■ ABOUT THIS EXERCISE: Please say how many lines in the records below contain the word "Beach", giving the number alone.
Start of RECORDS FOR THE TASK
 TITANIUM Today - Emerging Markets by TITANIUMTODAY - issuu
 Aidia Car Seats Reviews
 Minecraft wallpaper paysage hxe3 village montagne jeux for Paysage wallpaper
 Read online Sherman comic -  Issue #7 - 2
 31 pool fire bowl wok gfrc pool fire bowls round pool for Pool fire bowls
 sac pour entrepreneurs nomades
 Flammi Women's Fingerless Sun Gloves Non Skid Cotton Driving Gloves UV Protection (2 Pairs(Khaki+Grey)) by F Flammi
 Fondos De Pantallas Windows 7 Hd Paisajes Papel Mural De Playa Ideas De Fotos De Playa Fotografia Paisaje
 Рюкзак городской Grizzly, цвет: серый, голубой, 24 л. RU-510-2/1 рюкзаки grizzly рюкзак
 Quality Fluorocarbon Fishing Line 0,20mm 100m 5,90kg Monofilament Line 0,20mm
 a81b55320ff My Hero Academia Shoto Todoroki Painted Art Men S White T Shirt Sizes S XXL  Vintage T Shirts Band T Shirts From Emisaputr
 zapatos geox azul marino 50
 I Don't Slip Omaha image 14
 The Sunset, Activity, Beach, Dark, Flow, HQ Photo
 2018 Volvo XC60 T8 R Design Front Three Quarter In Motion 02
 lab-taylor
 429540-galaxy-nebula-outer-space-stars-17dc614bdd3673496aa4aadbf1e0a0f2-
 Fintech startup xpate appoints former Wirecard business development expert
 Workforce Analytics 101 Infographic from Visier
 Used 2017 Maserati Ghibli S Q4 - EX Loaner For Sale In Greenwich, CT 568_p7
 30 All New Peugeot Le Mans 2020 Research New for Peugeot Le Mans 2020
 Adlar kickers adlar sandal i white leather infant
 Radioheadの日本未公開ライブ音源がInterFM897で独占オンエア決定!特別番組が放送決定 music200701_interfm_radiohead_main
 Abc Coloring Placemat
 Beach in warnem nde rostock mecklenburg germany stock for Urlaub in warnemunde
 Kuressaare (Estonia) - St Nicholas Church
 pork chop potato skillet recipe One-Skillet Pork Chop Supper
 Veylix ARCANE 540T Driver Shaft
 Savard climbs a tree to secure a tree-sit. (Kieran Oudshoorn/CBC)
End of RECORDS FOR THE TASK
■ WRITTEN SOLUTION: 2